For one thing even in enlightened California they invariably had to stay in different motels or hotels; for another she suspected the man had no intention of ‘carrying on’ with any woman outside wedlock because that was not the man he was now.

Miranda looked at Sam Brenckmann and felt the tears trickling down her cheeks.

This was all her fault!

She had almost got him killed in the North West on the night of the war. But for her mendacity he would never have been within a thousand miles of Bellingham; and everything would be different.

“I should have said sorry a long time ago,” she blurted.

“For what?” Sam inquired amiably.

“Everything!”

“Nobody put a gun to my head to make me go on that tour Johnny Seiffert booked before the war,” he reminded her, shrugging painfully. “I was already blacklisted in the Bay Area, remember. I can’t remember why. Something to do with not buying my hash from Johnny. Heck, it’s a long time ago now. You look really good with your hair that way…”

While Vincent Meredith was intrigued by the exchange; he was not so intrigued as to be unaware that the clock was ticking.

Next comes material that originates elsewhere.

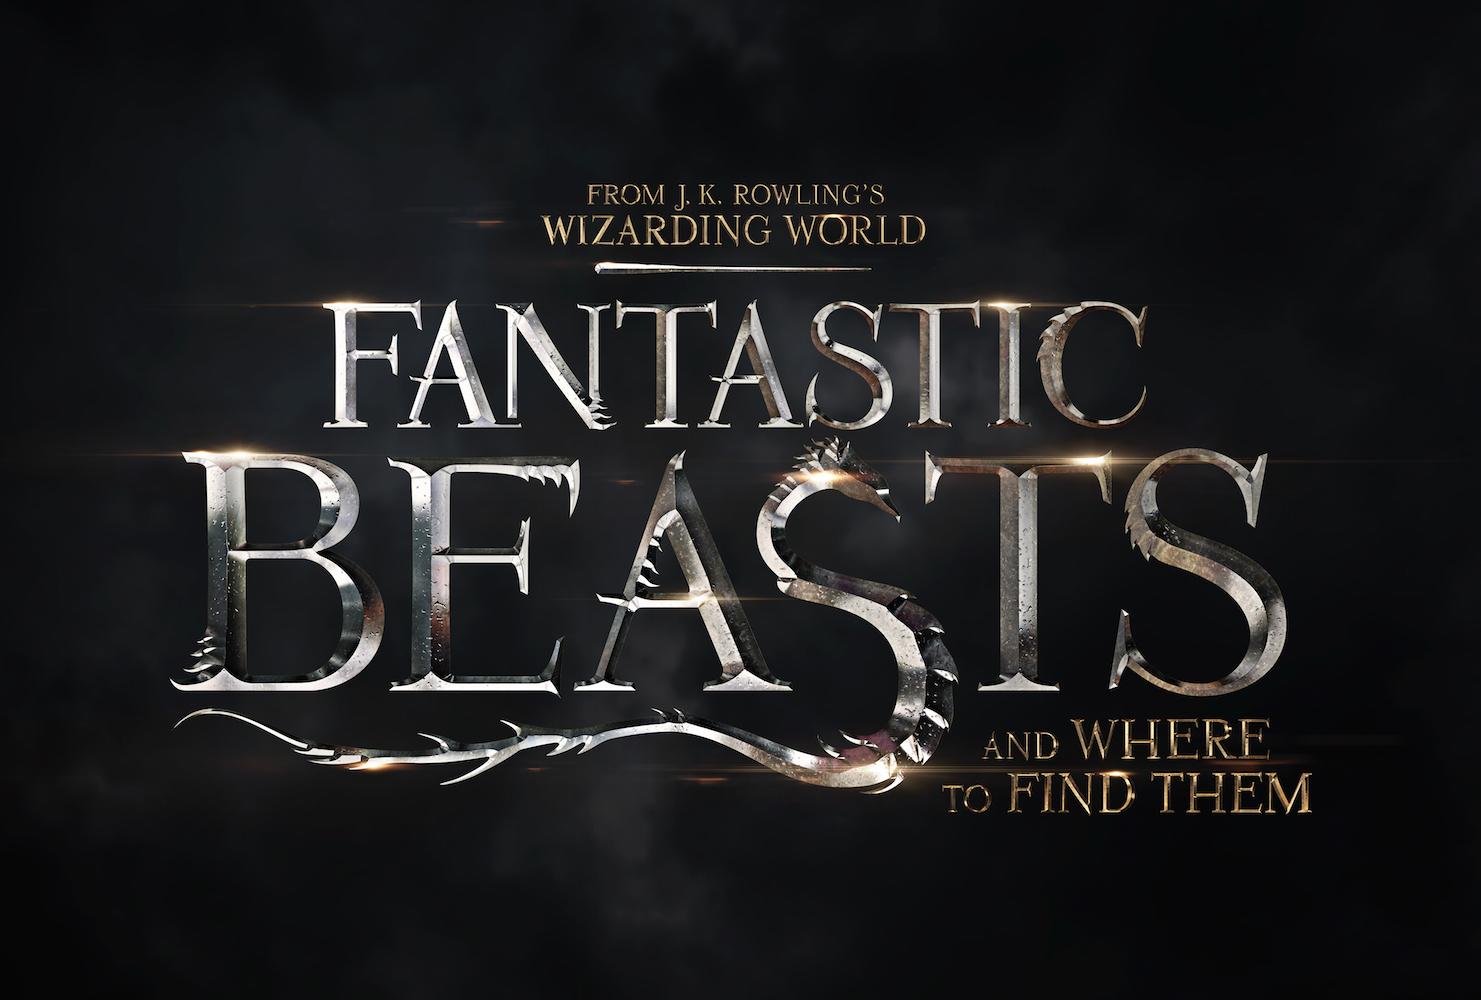 Image courtesy Warner Bros.
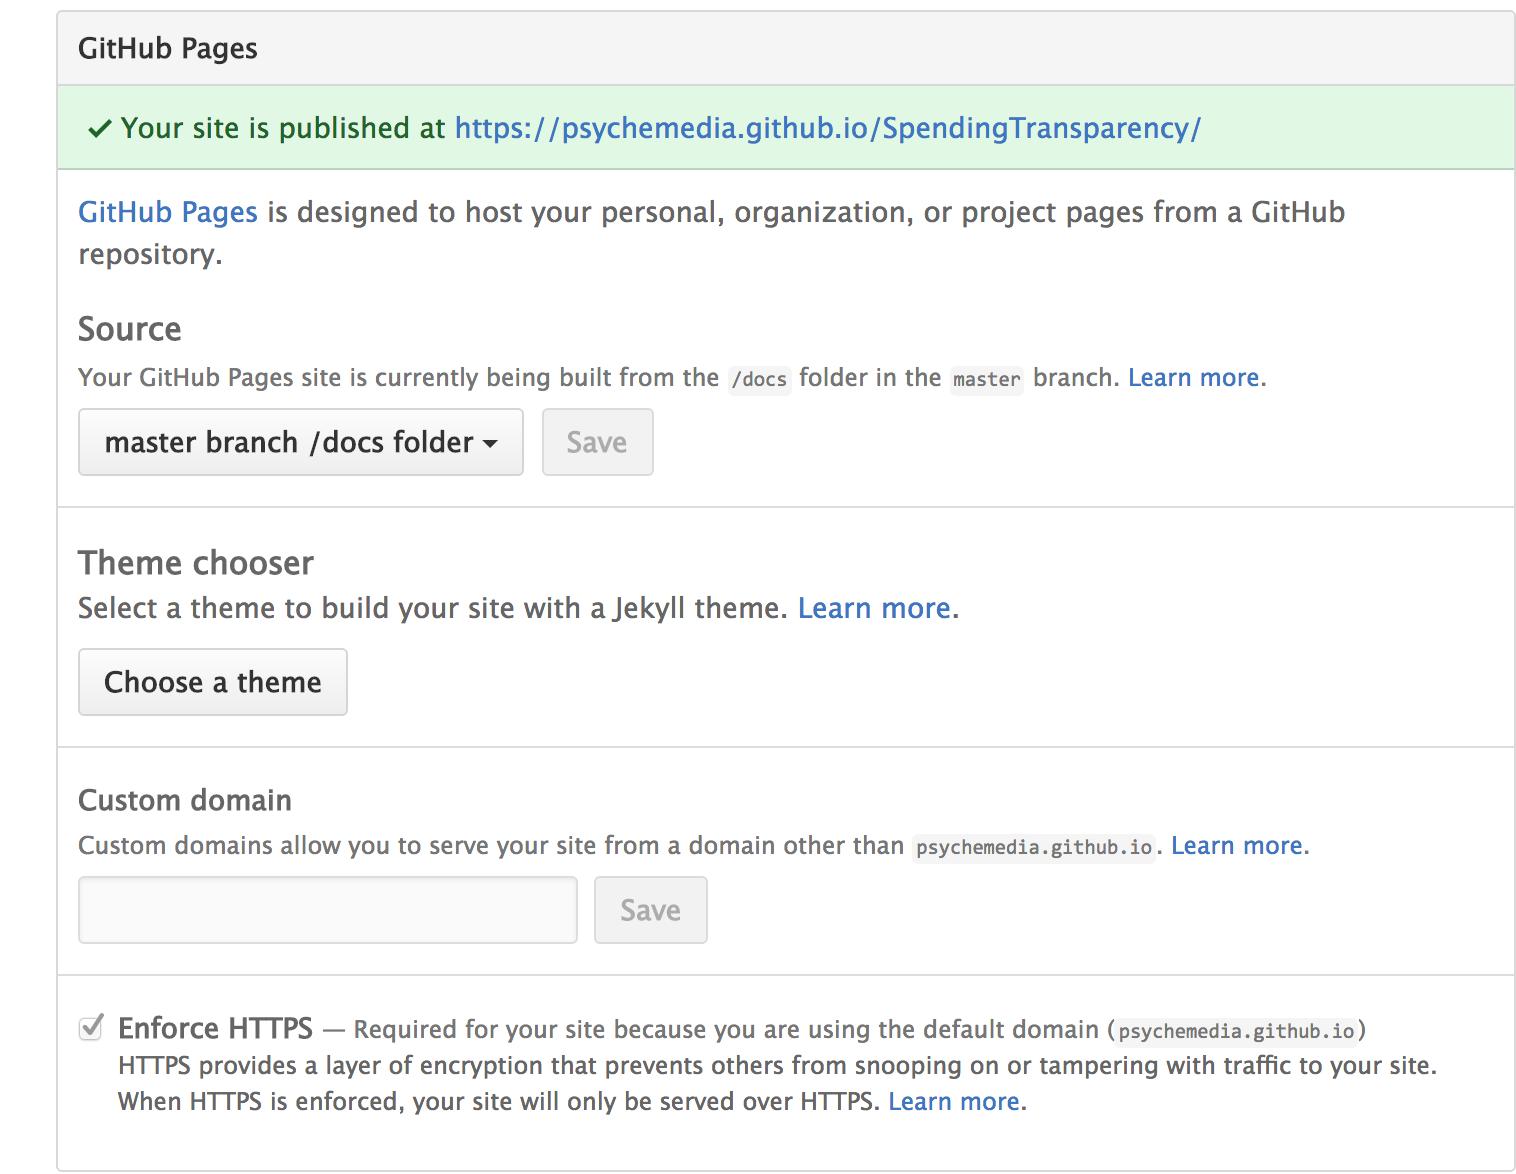 Data Journalism Units on Github – OUseful Info, the blog…

He dug into his jacket pocket and produced a chalky colored pill the size of a dime coin.

“Chew this and swallow it fast,” he directed.

Sam viewed him quizzically.

Miranda was nodding anxiously.

“Just do it, Sam.”

Sam leaned forward and took the pill between his cracked lips.

He crunched it between his teeth, careful to avoid working it between those molars that felt sore and wobbly.

He swallowed and pulled a face at the bitter after taste in his mouth.

“In a few seconds you will start foaming at the mouth, you will feel nauseous, you will be violently sick and you will pass out,” Vincent explained matter-of-factly.

Sam had just swallowed the sour bile generated by chomping on the pill.

“Now,” the attorney said quietly, turning to Miranda, “would be a good time for you to start screaming, Miss Sullivan.”

Chapter 43

Saturday 19th January 1964
Mulholland Drive, Los Angeles, California

“Reggie!” Loretta O’Connell screeched up the broad, polished stairs to the first floor of the newly completed, specially designed house set back fifty yards from the road. “Reggie! There’s two guys here who say they’re from the goddammed IRS!”